This project demonstrates how to preprocess, visualize, and predict handwritten digits using the MNIST dataset. It includes functionalities for downloading and preparing the dataset, visualizing samples, and testing custom handwritten images.
- module5-2.ipynb: Jupyter Notebook for downloading, loading, and preprocessing the MNIST dataset.
- module5-2.py: Python script for visualizing MNIST dataset samples.
- module5-3.ipynb: Jupyter Notebook for testing handwritten images against the MNIST model.
- module5-3.py: Python script for preprocessing and predicting custom handwritten images.
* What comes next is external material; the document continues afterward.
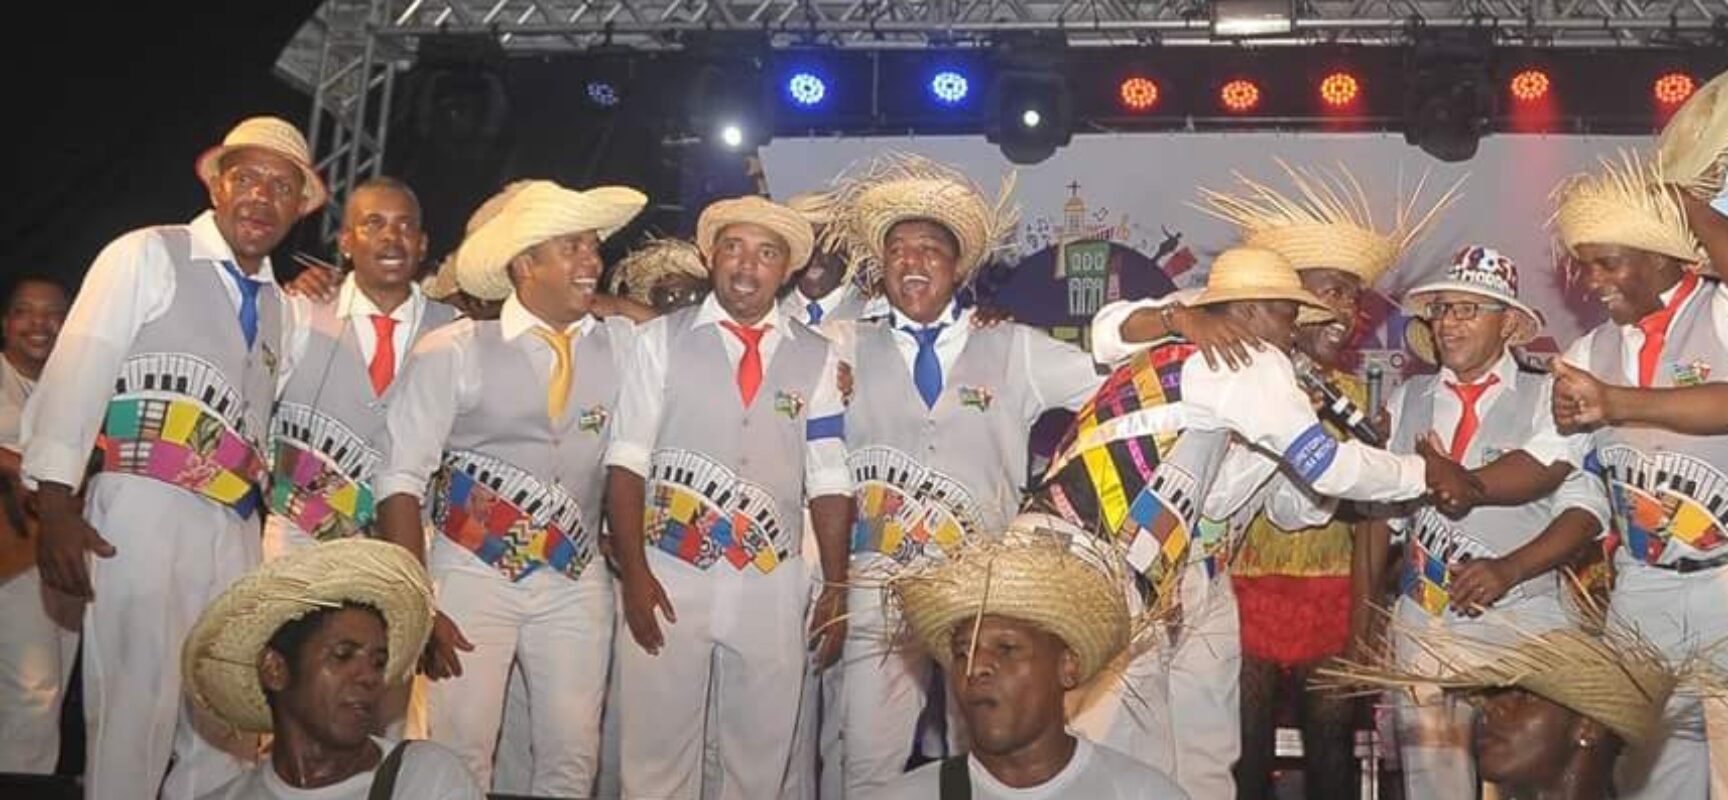 Liga do Samba Junino realiza o V Festival de Samba Junino neste final de semana

- Downloading and Loading: Learn how to download the MNIST dataset and load it into memory.
- Preprocessing: Understand how to preprocess images, including normalization and reshaping.
- Visualizing Samples: Use Matplotlib to visualize MNIST digit images.
- Comparing Images: Display both original and processed images to understand the preprocessing steps.
- OpenCV: Use OpenCV to read, threshold, and resize images.
- Bounding Box and Padding: Find the bounding box of digits, add padding, and center the digit in a square image.
- Argparse: Create a CLI to specify dataset type and sample index for visualization.
- Sys Module: Use the
sys
module to handle command-line arguments for image file and true digit.
- Mnist Class: Integrate preprocessing steps with the
Mnist
class to make predictions on new data. - Prediction and Validation: Test the model's predictions against the true digit and print the results.
Run the following command to visualize a sample from the MNIST dataset: python module5-2.py train 42 # Display the 42nd training sample
Run the following command to preprocess and predict a custom handwritten image: python module5-3.py <image_filename> <true_digit>
Example: python module5-3.py digit_5.png 5
This project provides a comprehensive understanding of handling the MNIST dataset, from downloading and preprocessing to visualization and prediction. It demonstrates the integration of various tools and libraries to create a complete workflow for digit recognition.